The workflow job that failed should then upload a new config file as an "Artifact", which can be downloaded from the action run summary page and then committed:

ONNX model testslink

Tests for ONNX models are included at onnx_models/ in the iree-org/iree-test-suites repository. These tests use models from the upstream onnx/models repository.

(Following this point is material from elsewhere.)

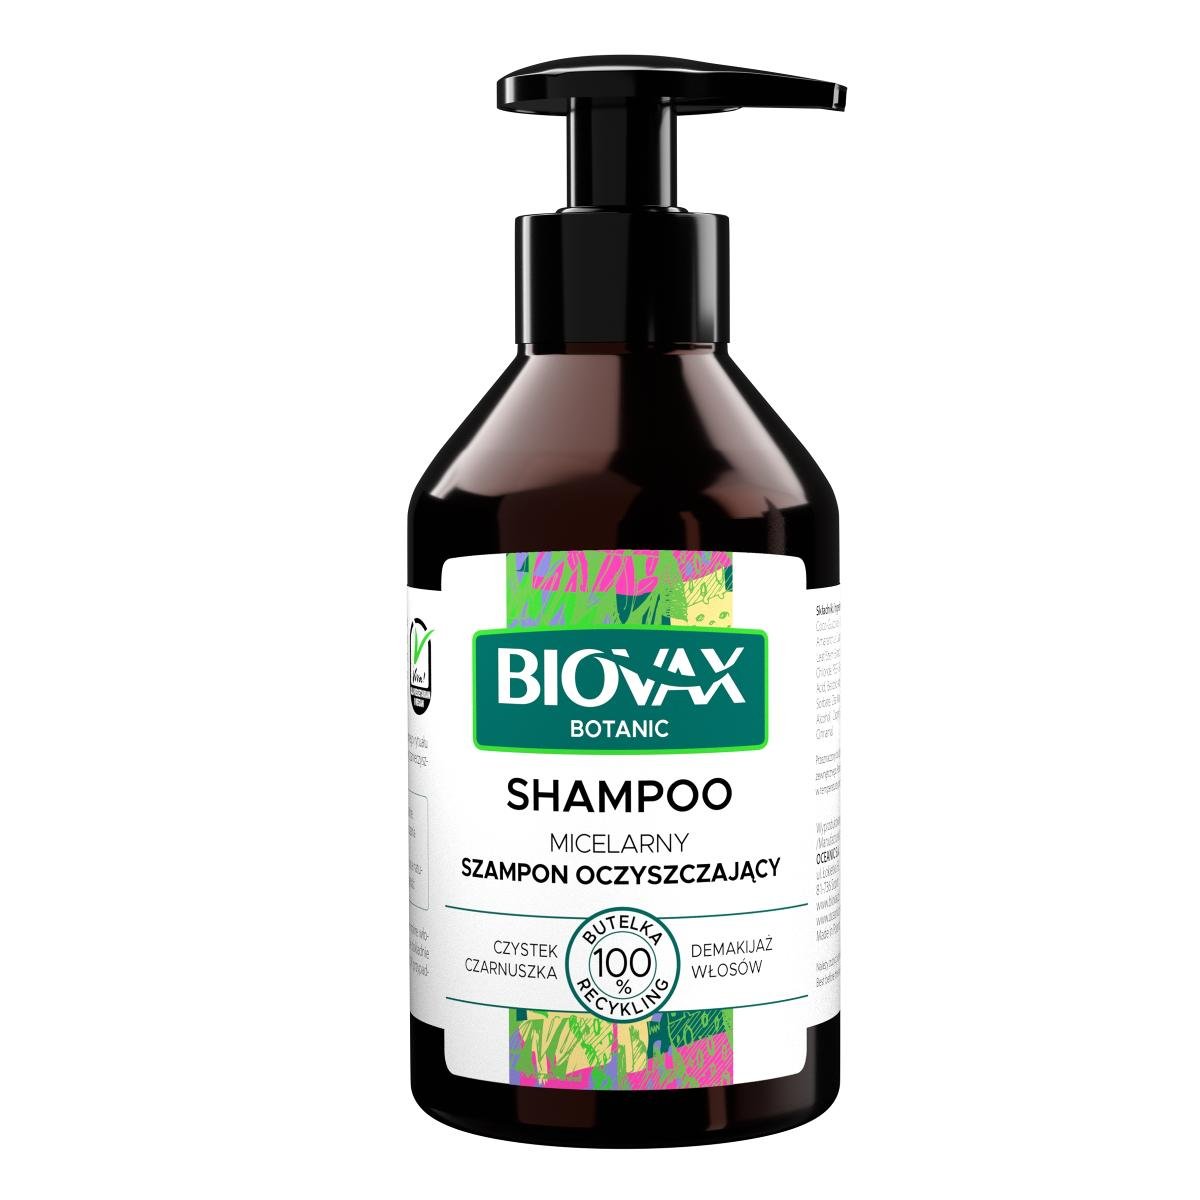 l biotica biovax botanic szampon micelarny czystek i czarnuszka

Like the ONNX operator tests, the ONNX model tests use configuration files to control which flags are used and which tests are run. The config files tested in the IREE repo itself are stored in tests/external/iree-test-suites/onnx_models/. For example, here is part of a config file for running ONNX model tests on CPU:

tests/external/iree-test-suites/onnx_models/onnx_models_cpu_llvm_task.json
{
  "config_name": "cpu_llvm_task",
  "iree_compile_flags": [
    "--iree-hal-target-device=local",
    "--iree-hal-local-target-device-backends=llvm-cpu",
    "--iree-llvmcpu-target-cpu=host"
  ],
  "iree_run_module_flags": [
    "--device=local-task"
  ],
  "tests_and_expected_outcomes": {
    "default": "skip",
    "tests/model_zoo/validated/vision/body_analysis_models_test.py::test_models[age_gender/models/age_googlenet.onnx]": "pass",
    "tests/model_zoo/validated/vision/body_analysis_models_test.py::test_models[age_gender/models/gender_googlenet.onnx]": "pass",

Unlike the ONNX operator tests, we do not run the full set of tests on every commit to iree-org/iree. Instead, we run a curated list of small tests that are expected to pass in iree-org/iree and then run the full set of tests nightly in iree-org/iree-test-suites.

sharktank testslink

Tests for small scale versions of Large Language Models (LLMs) and other Generative AI (GenAI) programs exported using the sharktank package built as part of the shark-ai project are included at sharktank_models/ in the iree-org/iree-test-suites repository.

Types of Sharktank tests:

Small scale versions of models
Quality tests for full models
Benchmarks for full models

The quality and benchmark test config files are stored in tests/external/iree-test-suites/sharktank_models.

SHARK-TestSuitelink

The nod-ai/SHARK-TestSuite repository also contains tests using IREE, llvm/torch-mlir, and nod-ai/shark-ai.

Some test coverage may overlap between SHARK-TestSuite and iree-test-suites, though some tests are planned to be migrated into iree-org/iree-test-suites once they mature and have demonstrated general utility to the upstream developer community.

Test reports for nightly runs in SHARK-TestSuite are uploaded to nod-ai/e2eshark-reports.